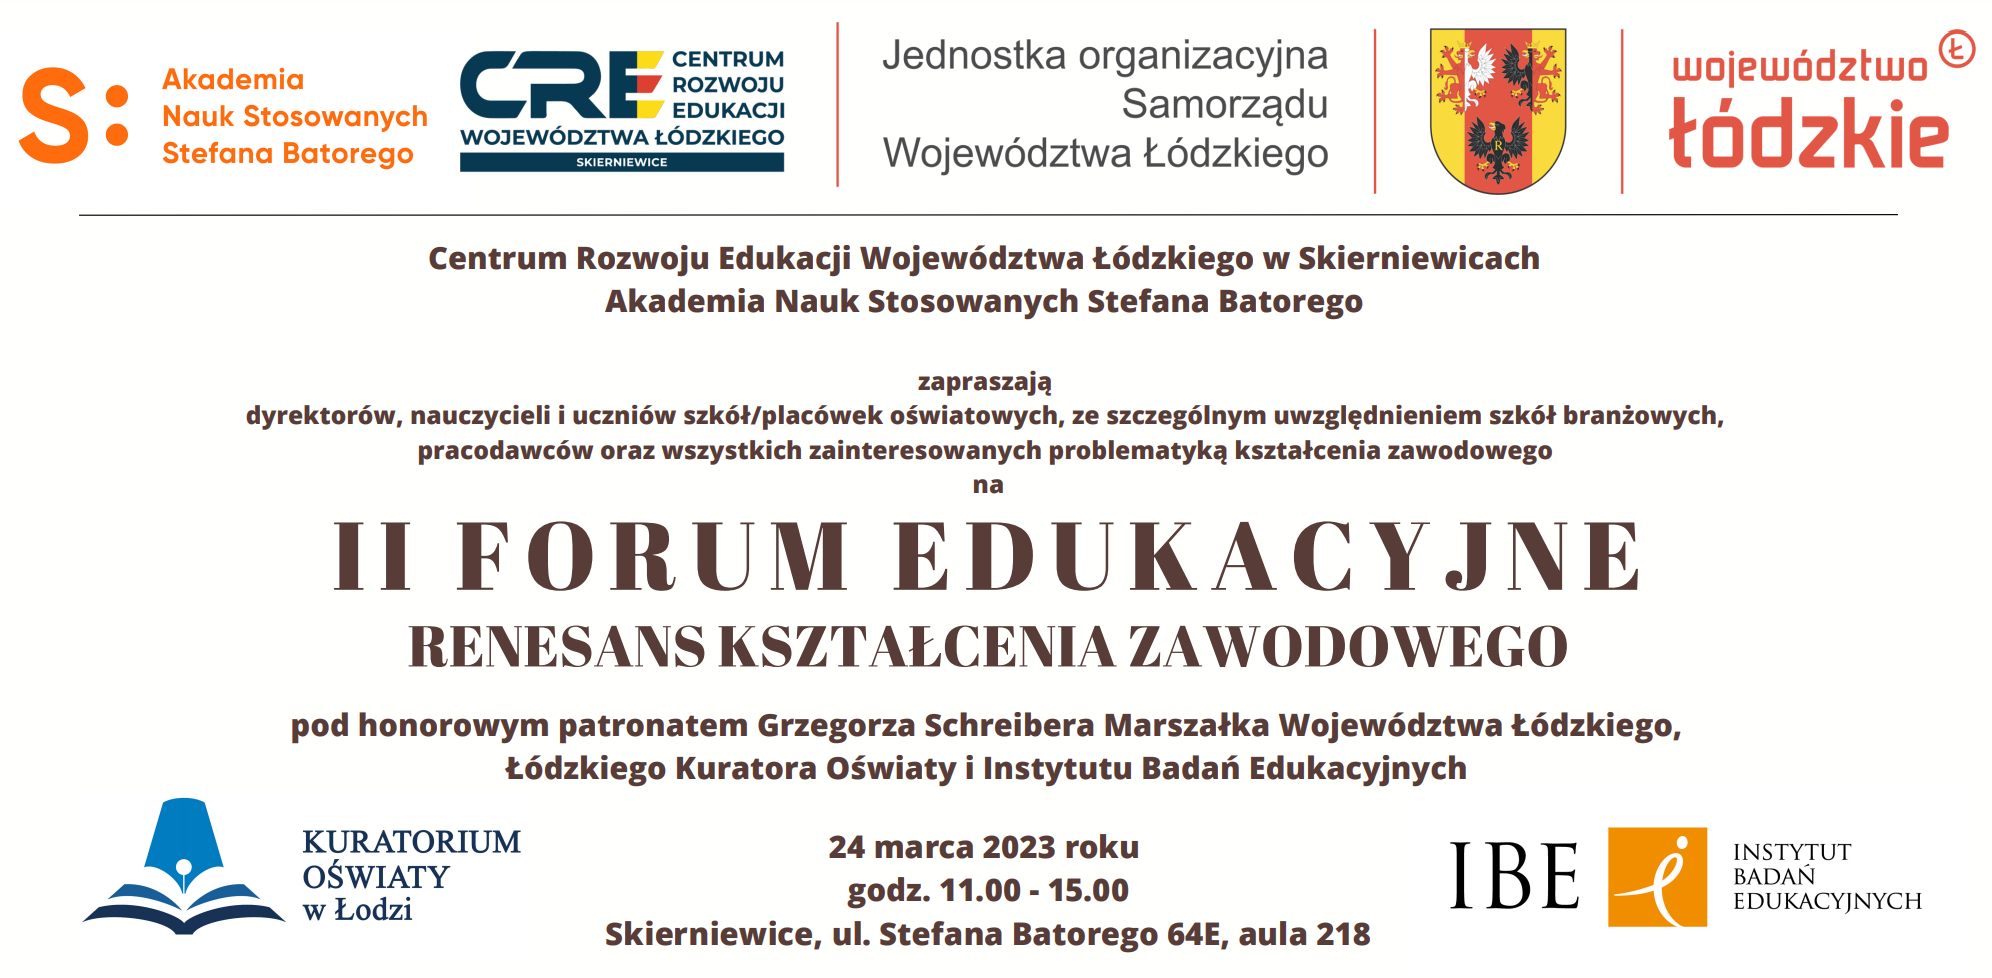 II Forum Edukacyjne z udziałem ekspertek ZSK
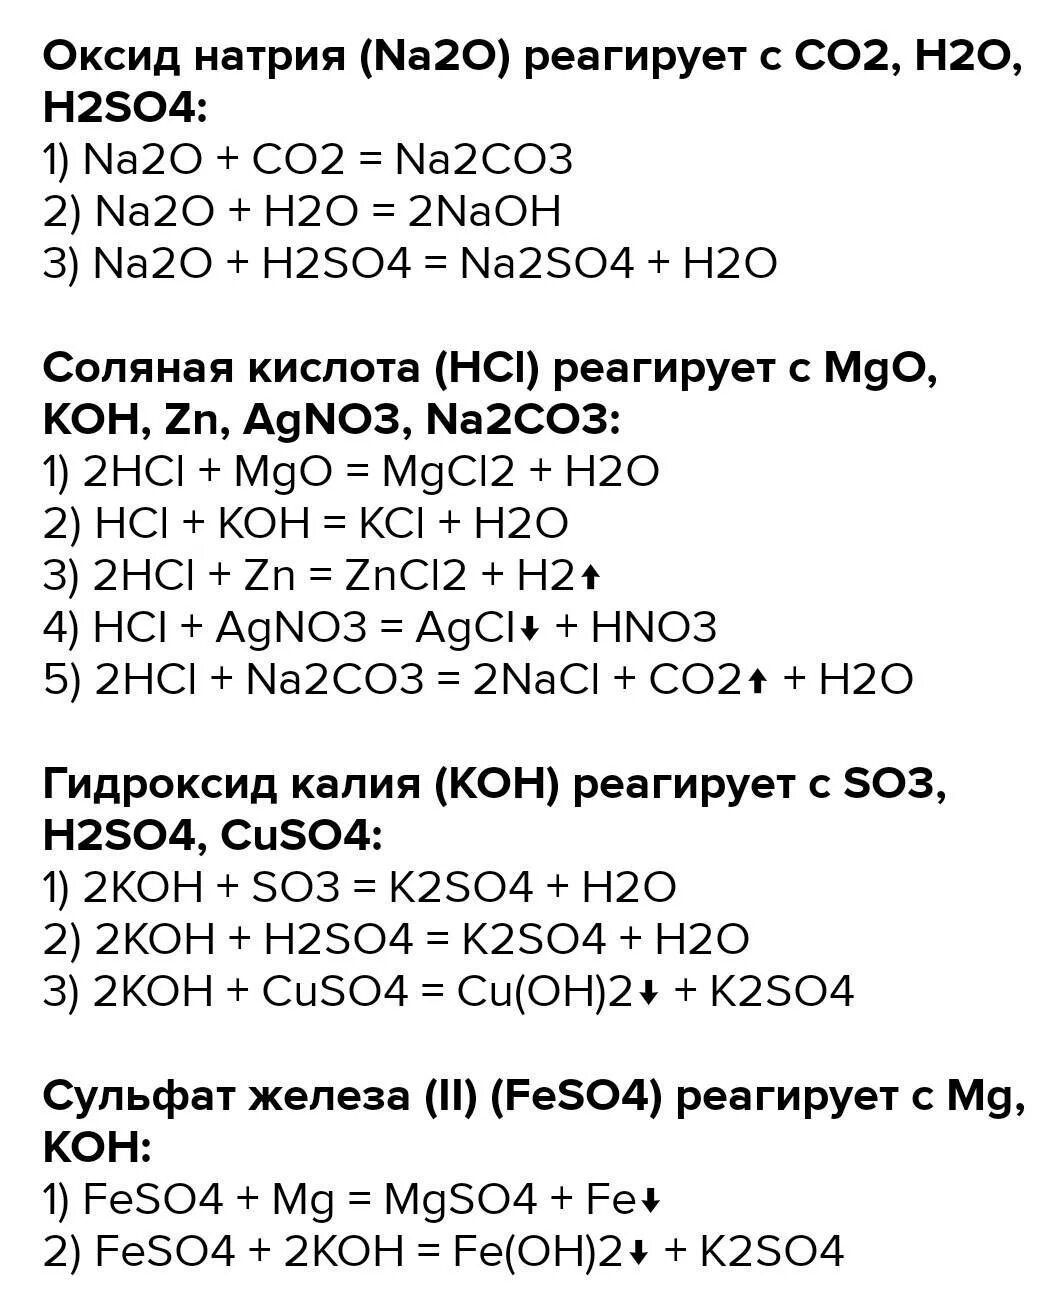 Реакция h2s+na. K+h2so4 уравнение химической реакции. Na2co3 реакция. Koh уравнение реакции.
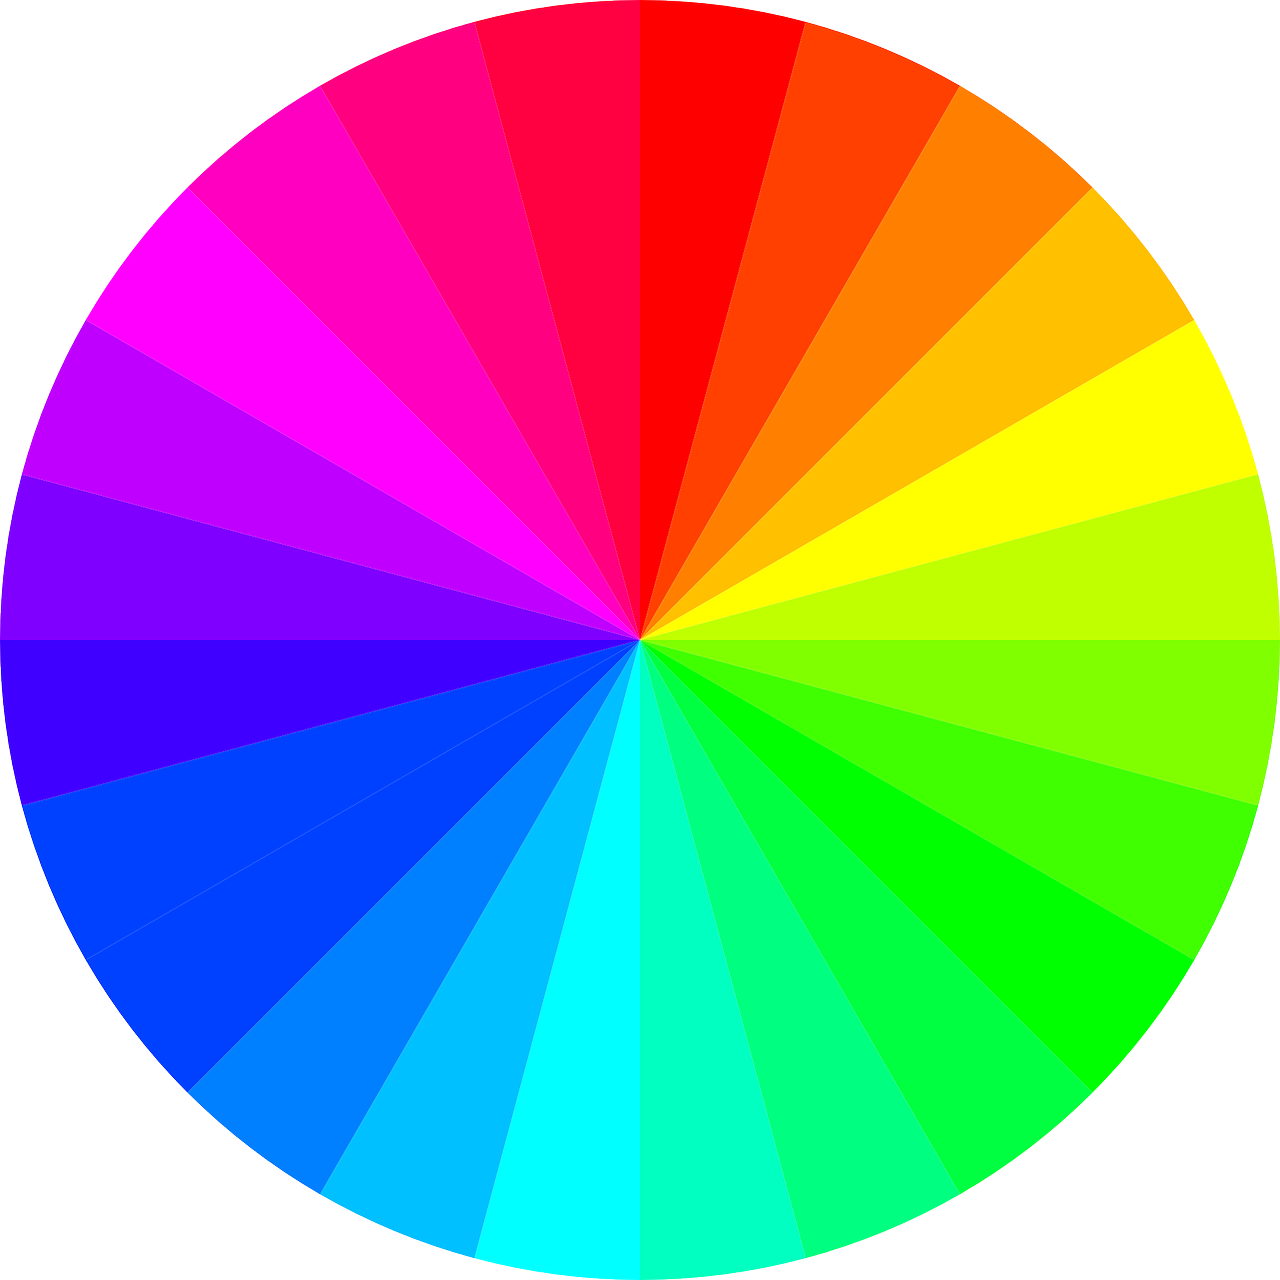  عکس دایره هفت رنگ رنگین کمان
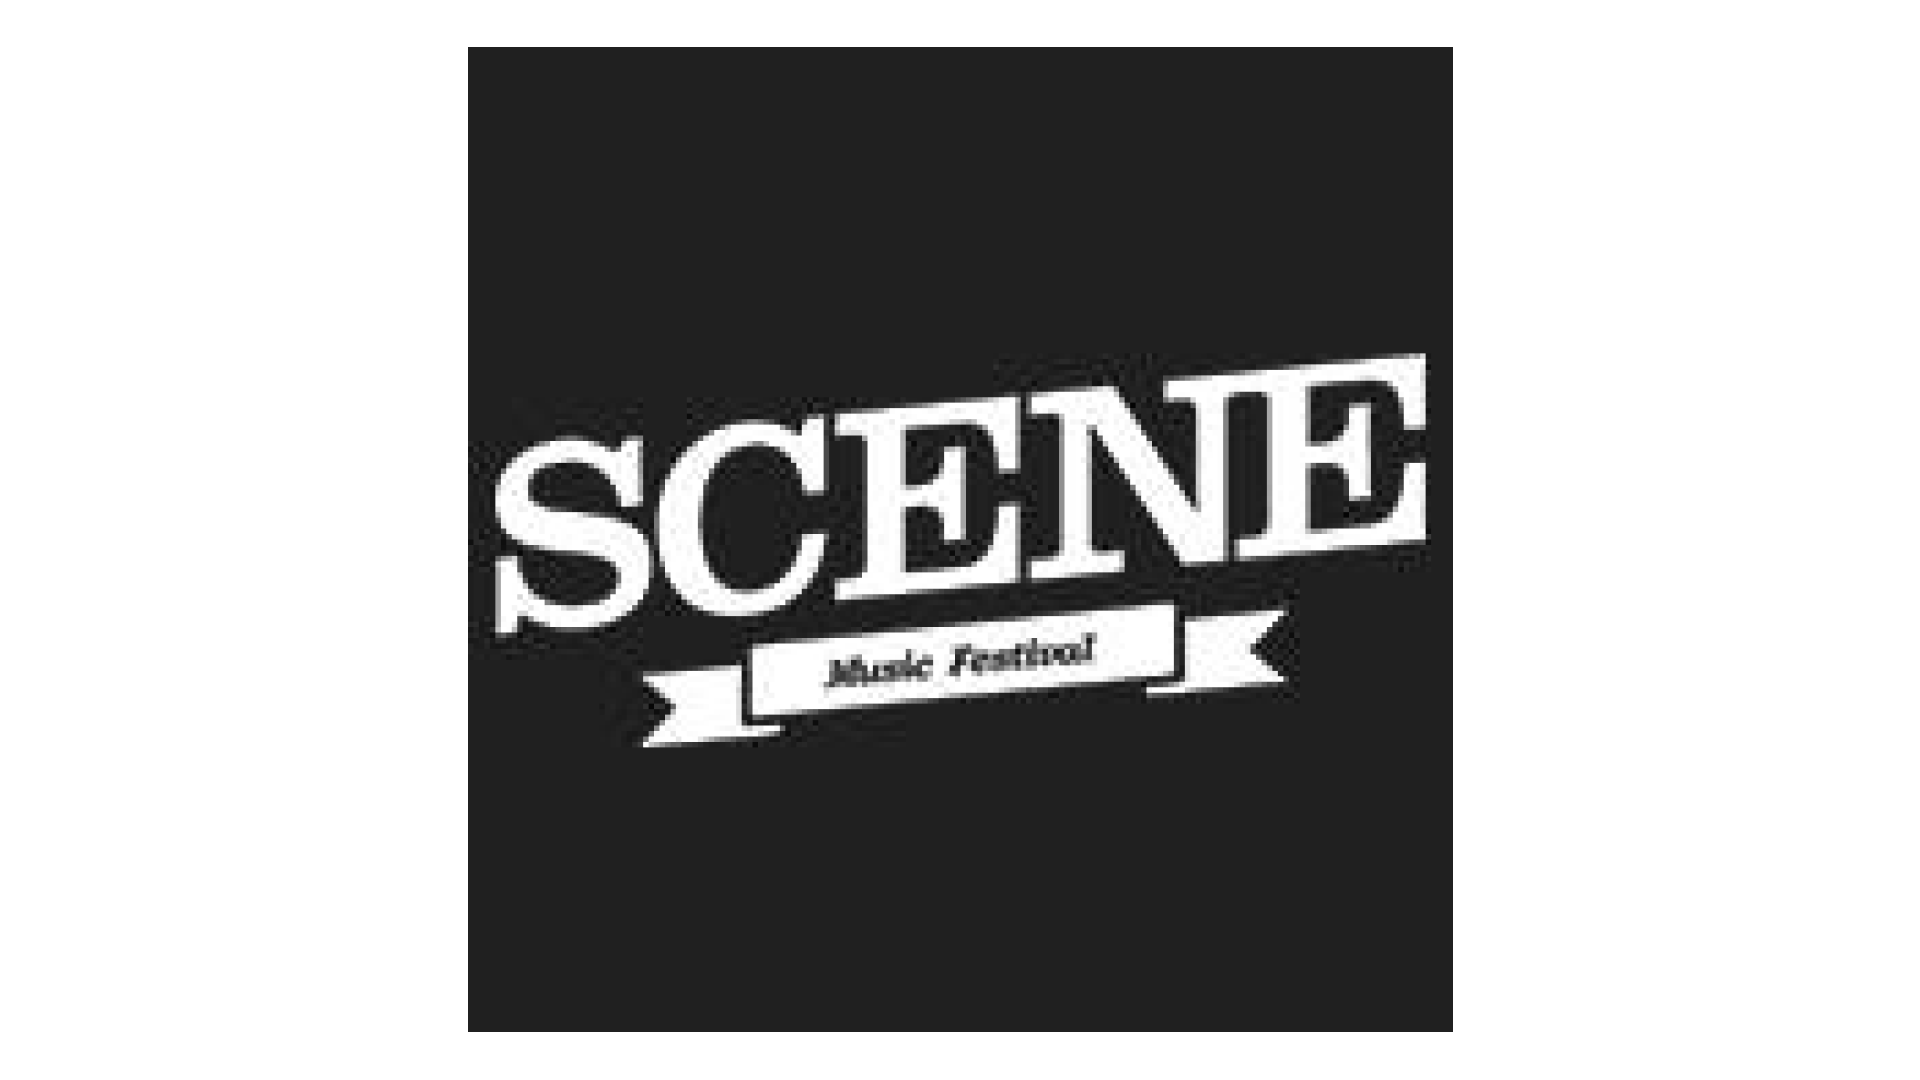 SCENE Music Festival Logo
#####
_Exercise_
Would you please transcribe the listing in full, exactly, while omitting the images?

_Result of this exercise_
 II Forum Edukacyjne z udziałem ekspertek ZSK
 Реакция h2s+na. K+h2so4 уравнение химической реакции. Na2co3 реакция. Koh уравнение реакции.
  عکس دایره هفت رنگ رنگین کمان
 SCENE Music Festival Logo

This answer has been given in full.